DTMC Modeling and Formal Verification: We introduced a framework that constructs DTMC models from clustered states and verifies the system’s failure probabilities and invariance properties using the PRISM model checker. This combination of state clustering and formal verification provides a robust methodology for assessing the safety of DRL systems in both controlled and real-time environments.
Counterexample Path Analysis: Through detailed counterexample analysis, we identified specific failure mechanisms within DRL systems. This analysis allows system designers to trace the exact paths leading to failures and refine their policies accordingly. Our work demonstrates the importance of counterexample analysis in improving system safety by addressing failure points that might otherwise go undetected.
Despite the contributions made by this research, there are several limitations that warrant further investigation. First, while KMeans++ provides an effective method for clustering, it does not explicitly account for state correlations or noise, which could lead to suboptimal clustering in highly dynamic environments. Incorporating more sophisticated clustering techniques or deep learning-based state representations could improve the accuracy of the DTMC models. Additionally, this study focused on two specific simulation environments—LunarLander and Highway—which limits the generalizability of the results. Future studies should apply this methodology to a wider range of real-world scenarios to validate its robustness.

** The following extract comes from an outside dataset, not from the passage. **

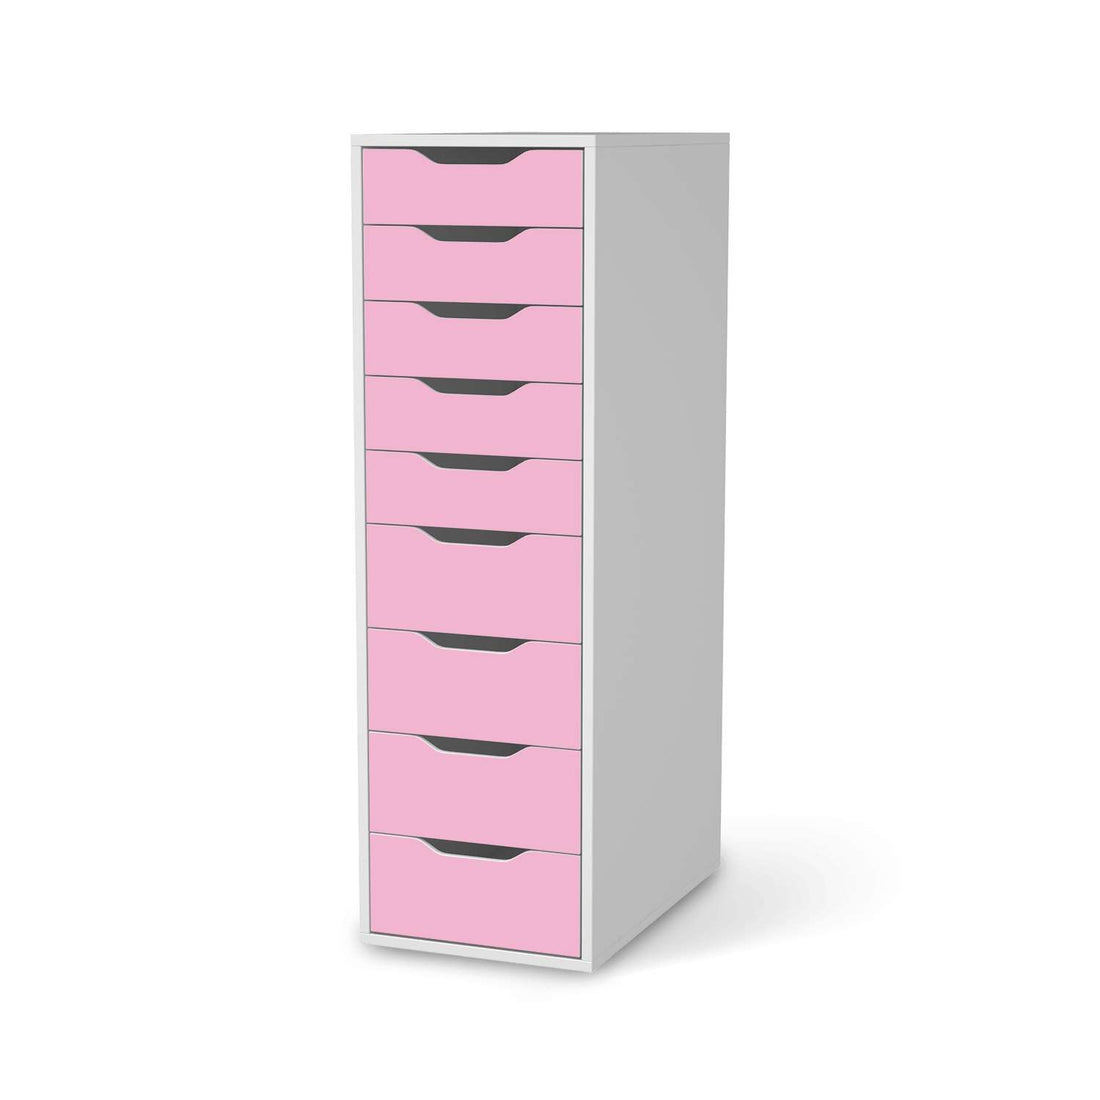 Folie für Möbel Pink Light - IKEA Alex 9 Schubladen - weiss

In future research, exploring more advanced state abstraction methods that can adapt dynamically during training could further enhance the efficiency of DRL systems. Additionally, expanding the methodology to include real-time verification and on-demand safety checking would be valuable, especially in applications where systems must continuously adapt to changing environments, such as autonomous driving or robotics.
While this study has focused on controlled simulation environments, generalizing the proposed methodology to real-world applications requires additional research. Specifically, introducing external noise and environmental disturbances into the simulation environment will allow for a more robust validation of the method’s generalizability. Future work will explore how the current framework performs under these conditions to ensure applicability in real-world scenarios.

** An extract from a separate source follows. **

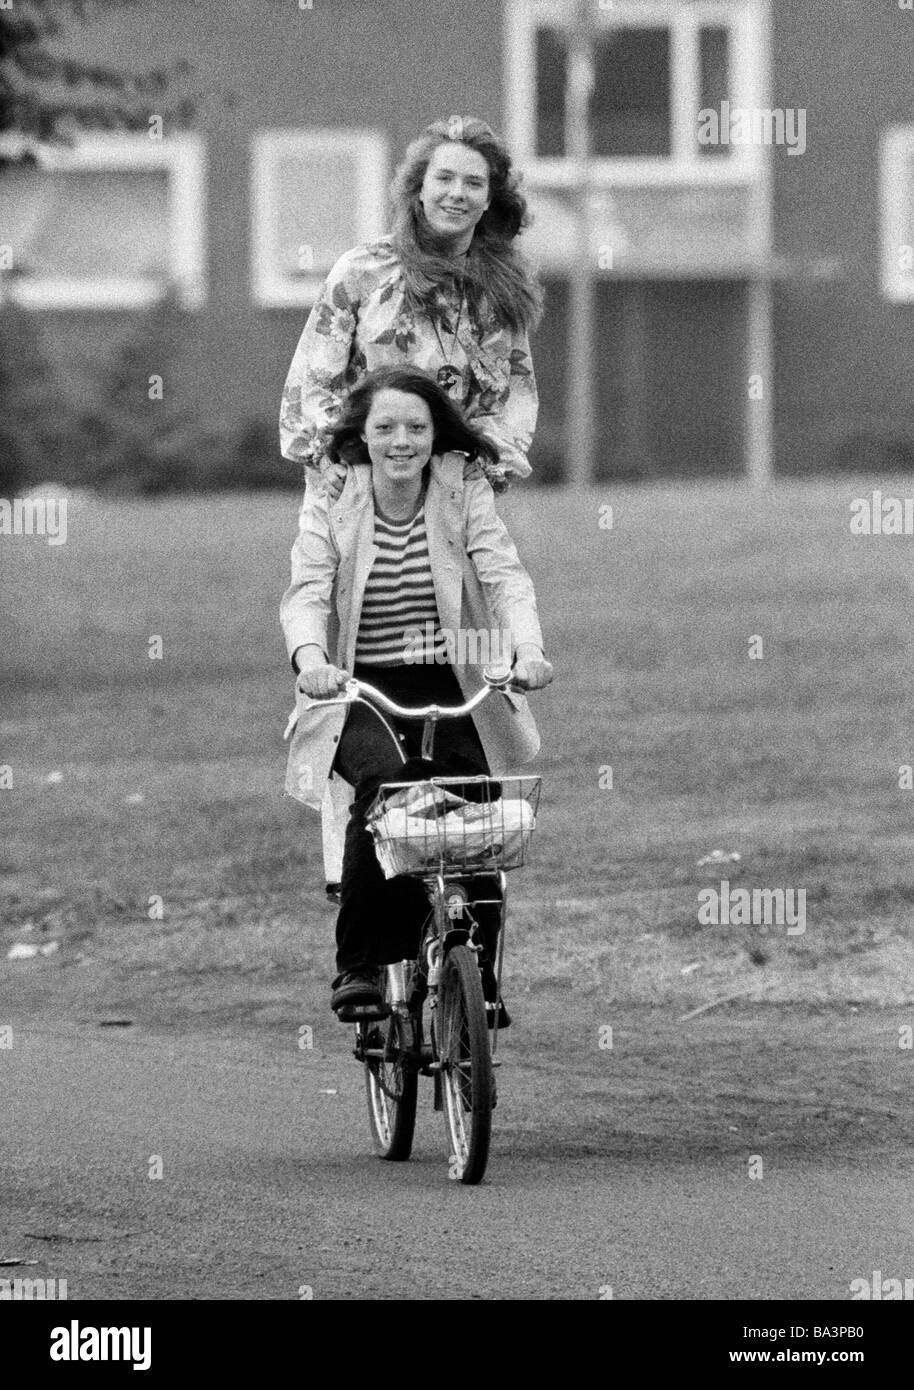 Années 70, photo en noir et blanc, les gens, les deux jeunes filles sur un vélo, une jeune fille se tient sur le pannier rack, humour, fun, âgés de 18 à 22 ans Banque D'Images

Multi-agent RL environments, where agents interact in more complex and unpredictable ways, also present a promising area for extending this research. Ensuring safety in multi-agent systems is particularly challenging due to the interdependencies among agents’ decisions and actions. By incorporating state clustering and formal verification into multi-agent systems, we aim to systematically analyze the collective safety properties and failure probabilities. This will be crucial for applications such as swarm robotics, collaborative autonomous vehicles, and multi-agent traffic management systems, where multiple autonomous entities operate simultaneously.
This research has introduced a structured framework for improving the safety and reliability of DRL systems through state clustering, DTMC model construction, and formal verification. By combining state clustering with probabilistic model checking, we have shown how failure probabilities can be quantitatively assessed and critical safety violations identified. The insights gained from the counterexample analysis provide a practical pathway for improving system policies to avoid failures. As DRL systems become more prevalent in high-stakes applications such as autonomous vehicles and robotics, ensuring their safety will be paramount. This research represents an important step toward achieving that goal and lays the foundation for future advancements in DRL safety verification.